How the media make sense and nonsense of the world
Stuart Fischoff, Ph.D. is Senior Editor of the Journal of Media Psychology and Emeritus Professor of Media Psychology at Cal State, Los Angeles. See full bio

Surviving A Hurricane Slaughter with Radio Riding Shotgun

It was an unholy alliance: primordial lightning and ferocious thunder

We went upstairs and the first thing my wife, Rachel, noticed was that there seemed to be more sky visible through the woods than before, more sun coming through them. Too much sky. Too much sun. And the dogwood trees, just adjacent to the pond -in-development were visible. That was just plain wrong! They should be obscured, behind the red maple. The red maple. Where was the beautiful red maple that we had envisioned as anchoring the eastern end of our future pond?
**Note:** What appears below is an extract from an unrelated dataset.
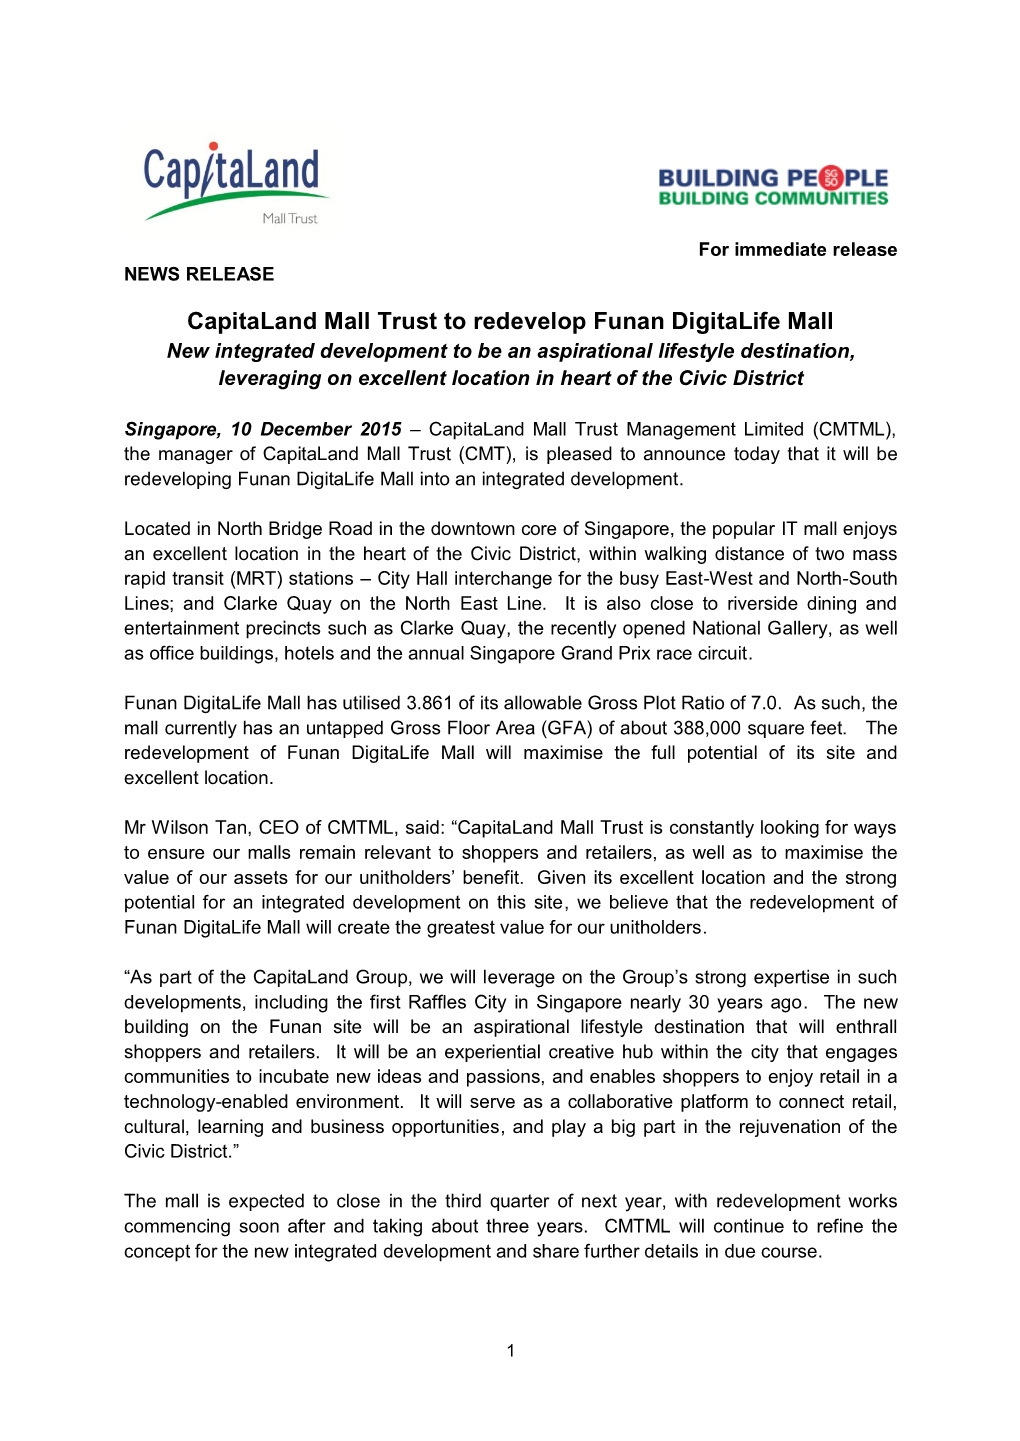 Capitaland Mall Trust to Redevelop Funan Digitalife Mall

We walked out further and saw it lying morgue-like on the ground. Its body had been broken into pieces, starting two feet up from the ground. The wind had snapped it in two and it lay on the ground, oozing sap, life draining from its mangled trunk and torn, shredded limbs and branches, it's top third broken off and cradled in the slouching arms of the adjacent cedar.

It was uncanny, unnatural, unspeakable, the power of the wind and the rain and the cross-currents of air that laid waste to all greenery that surrounded us. But we hadn't seen the half of it. We were some of the lucky ones.  The radio would soon tell us how lucky.  Its voices would become our eyes to the disaster that had just visited us.